- Task prompt: Retype the listing exactly. Leave out the images.

- Data:
----------------------------------------

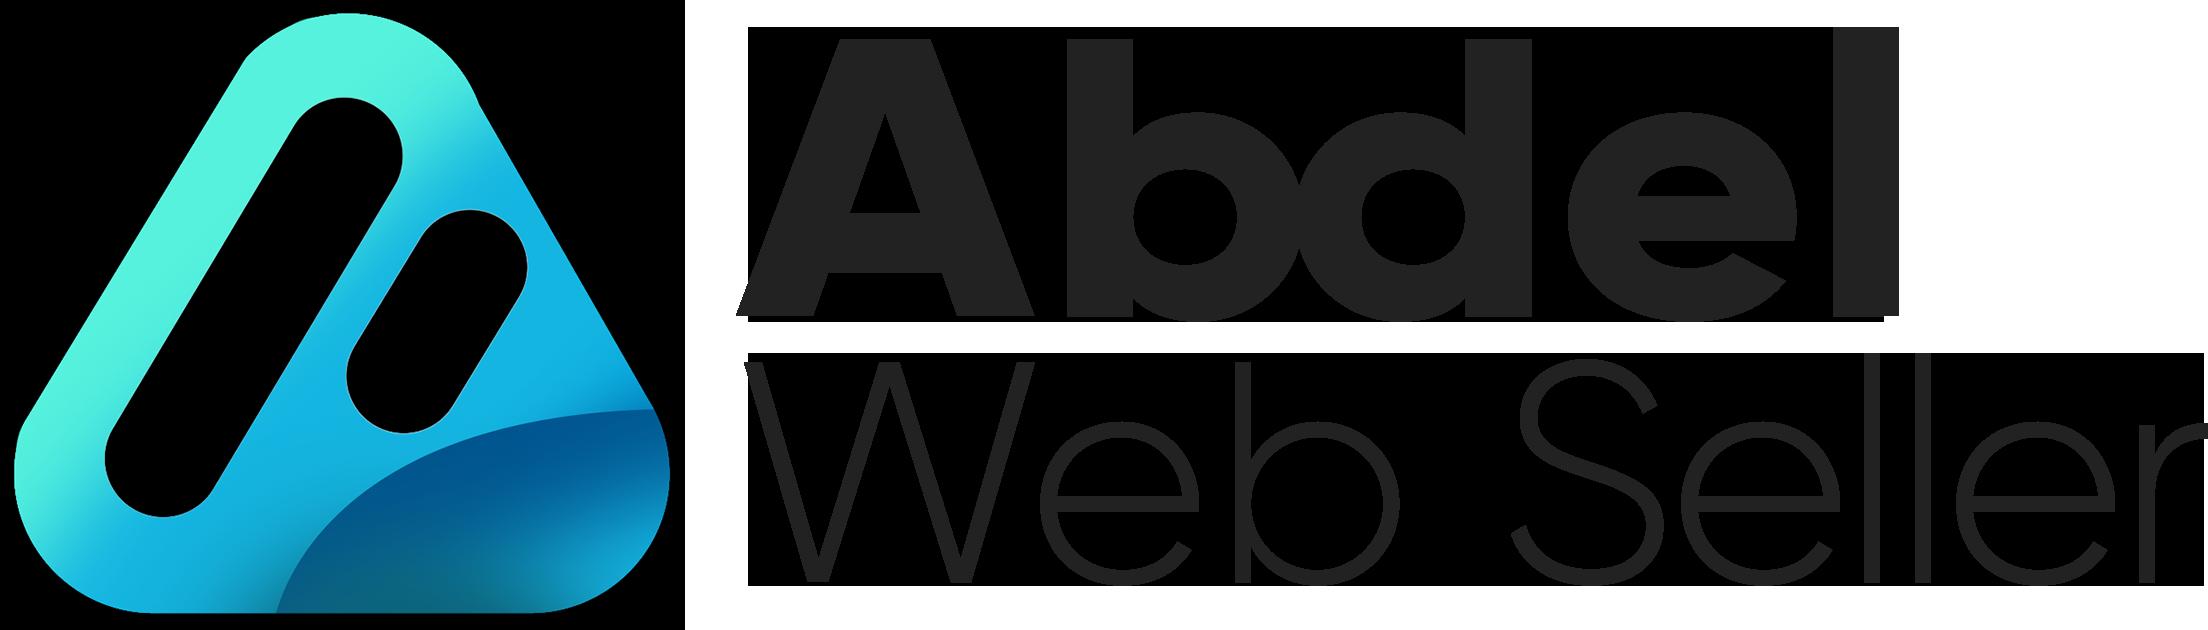 Abdel Webseller
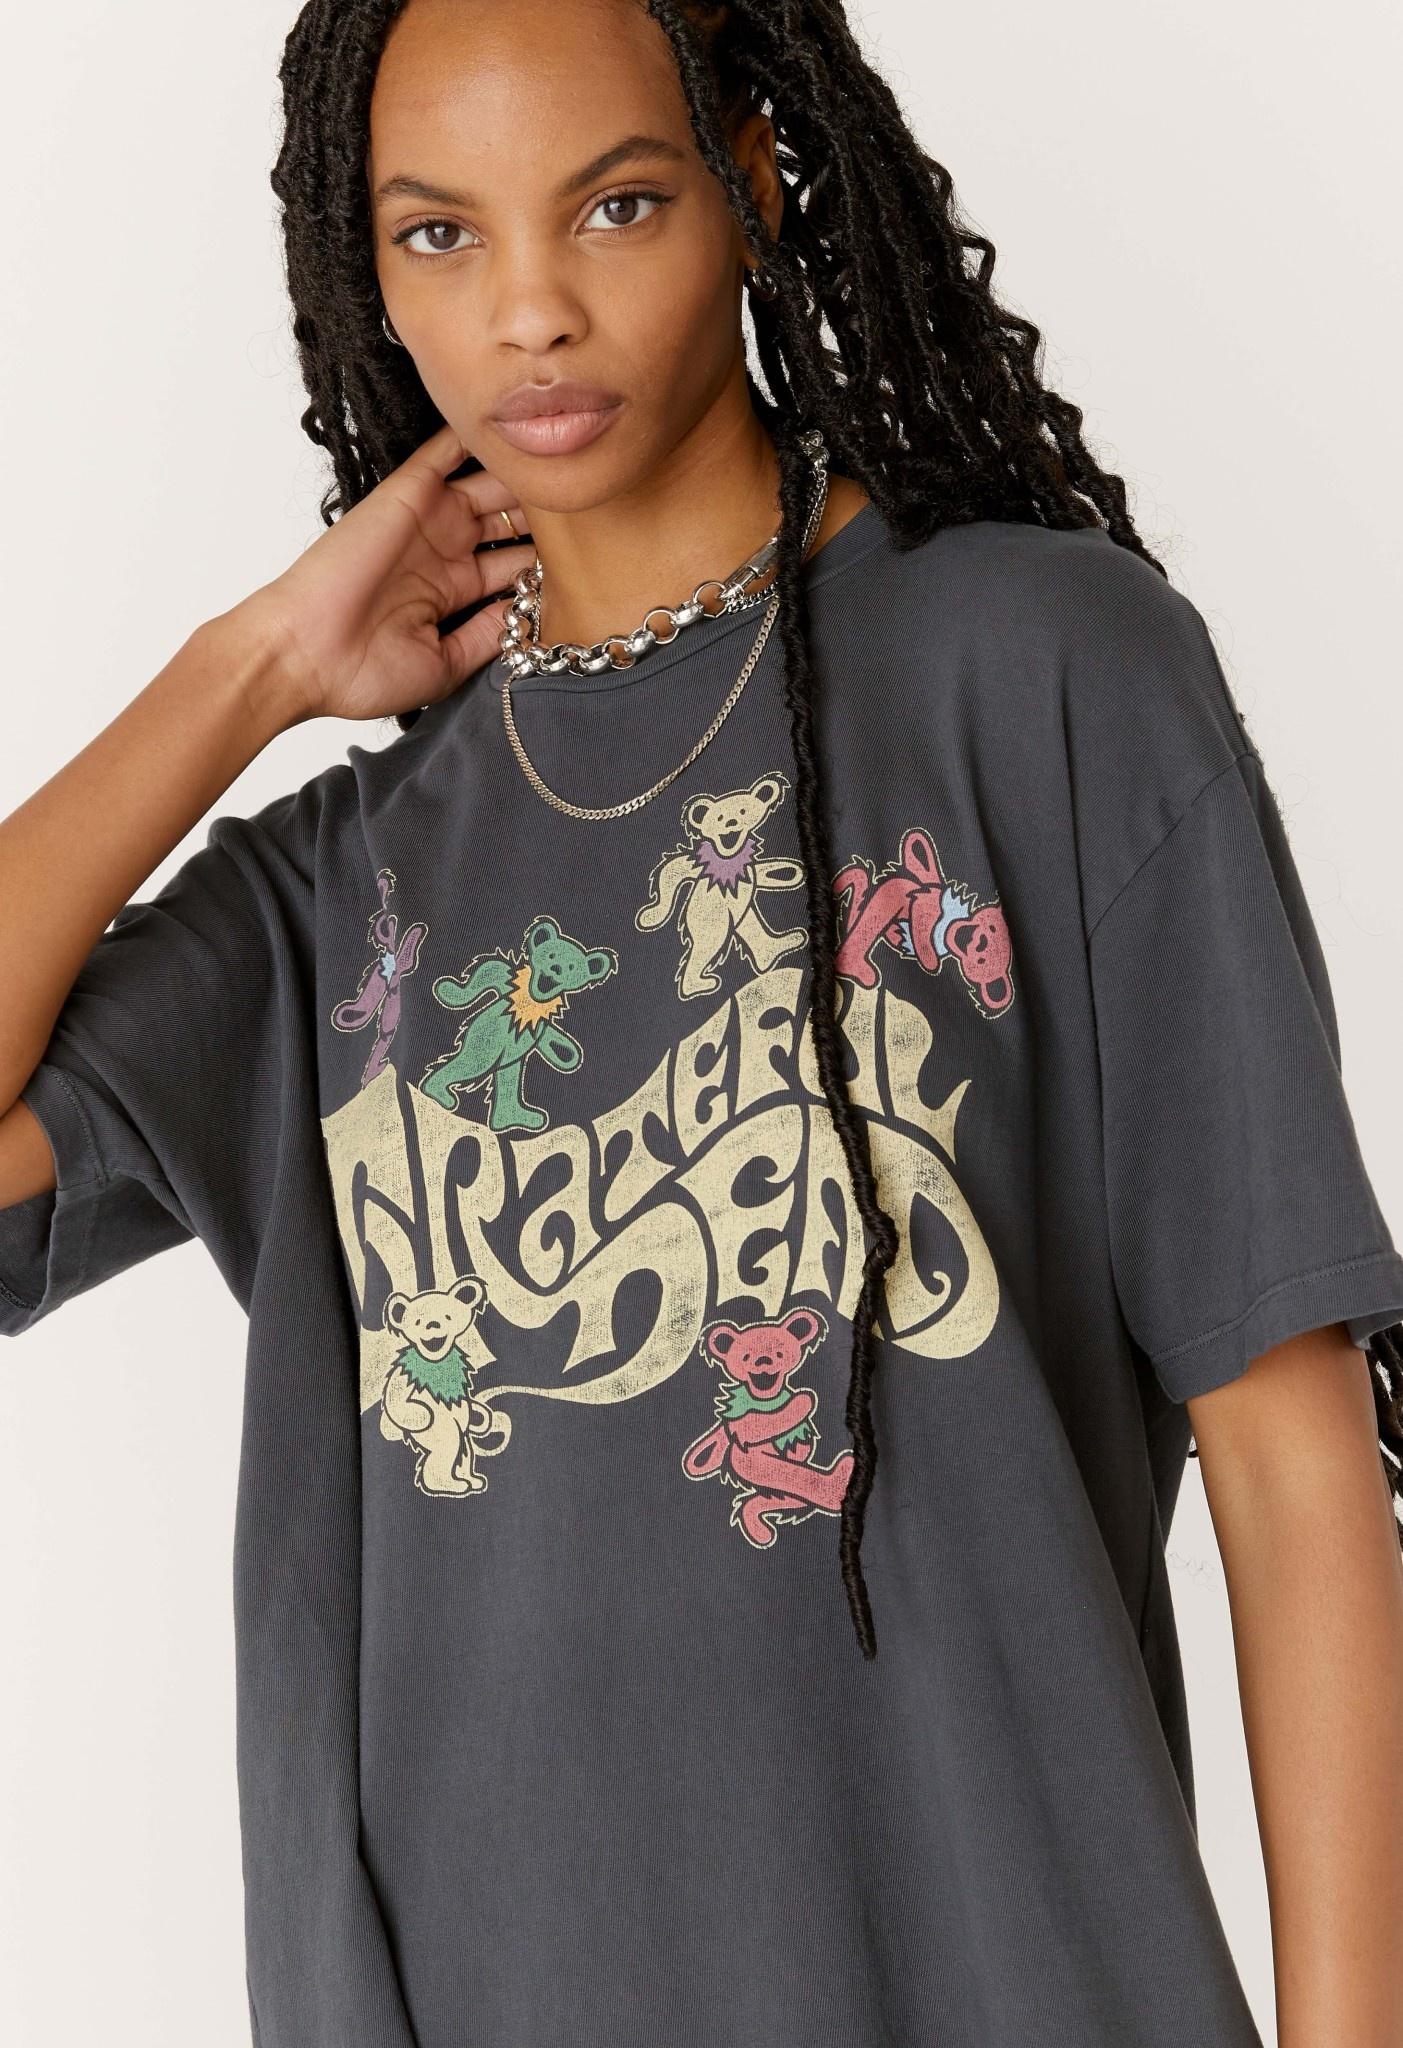 Grateful Dead Bear T Shirt Dress
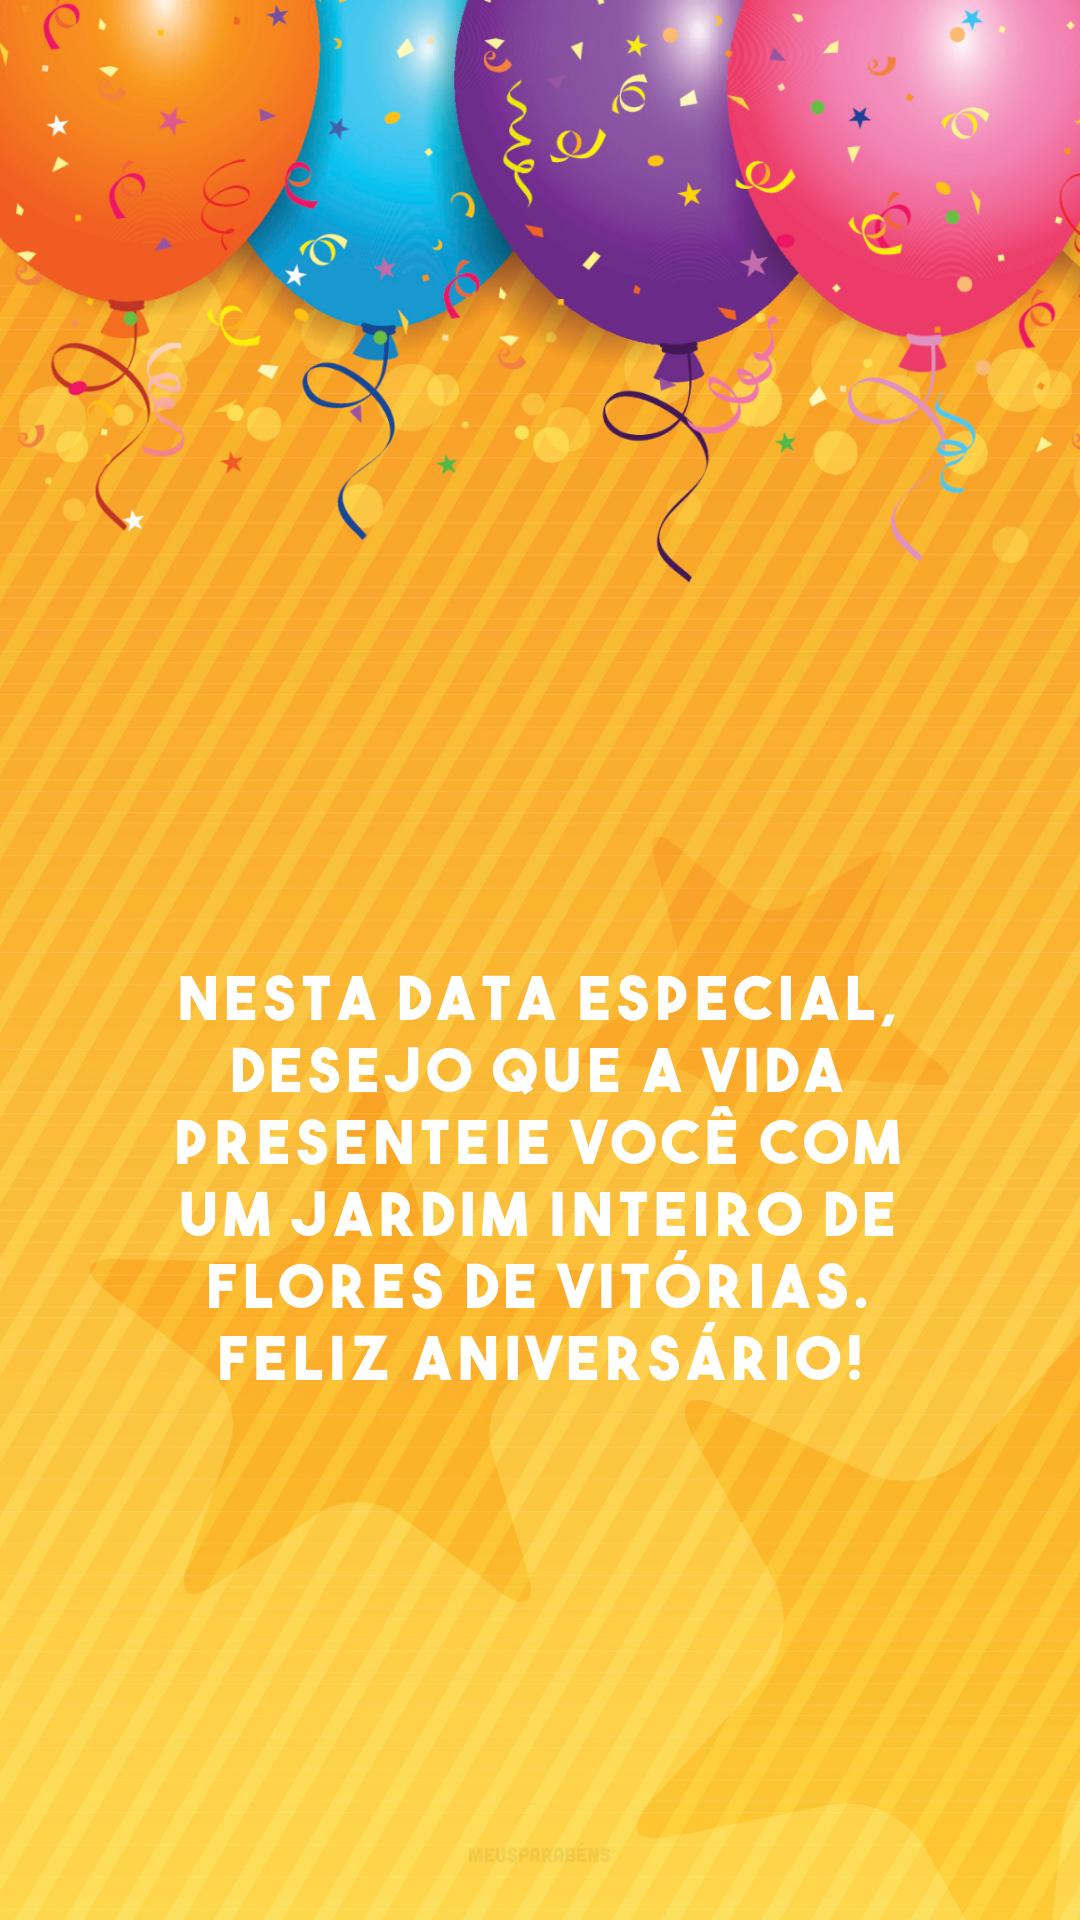 Nesta data especial, desejo que a vida presenteie você com um jardim inteiro de flores de vitórias. Feliz aniversário!

----------------------------------------

- Solution to this task:
 Abdel Webseller
 Grateful Dead Bear T Shirt Dress
 Nesta data especial, desejo que a vida presenteie você com um jardim inteiro de flores de vitórias. Feliz aniversário!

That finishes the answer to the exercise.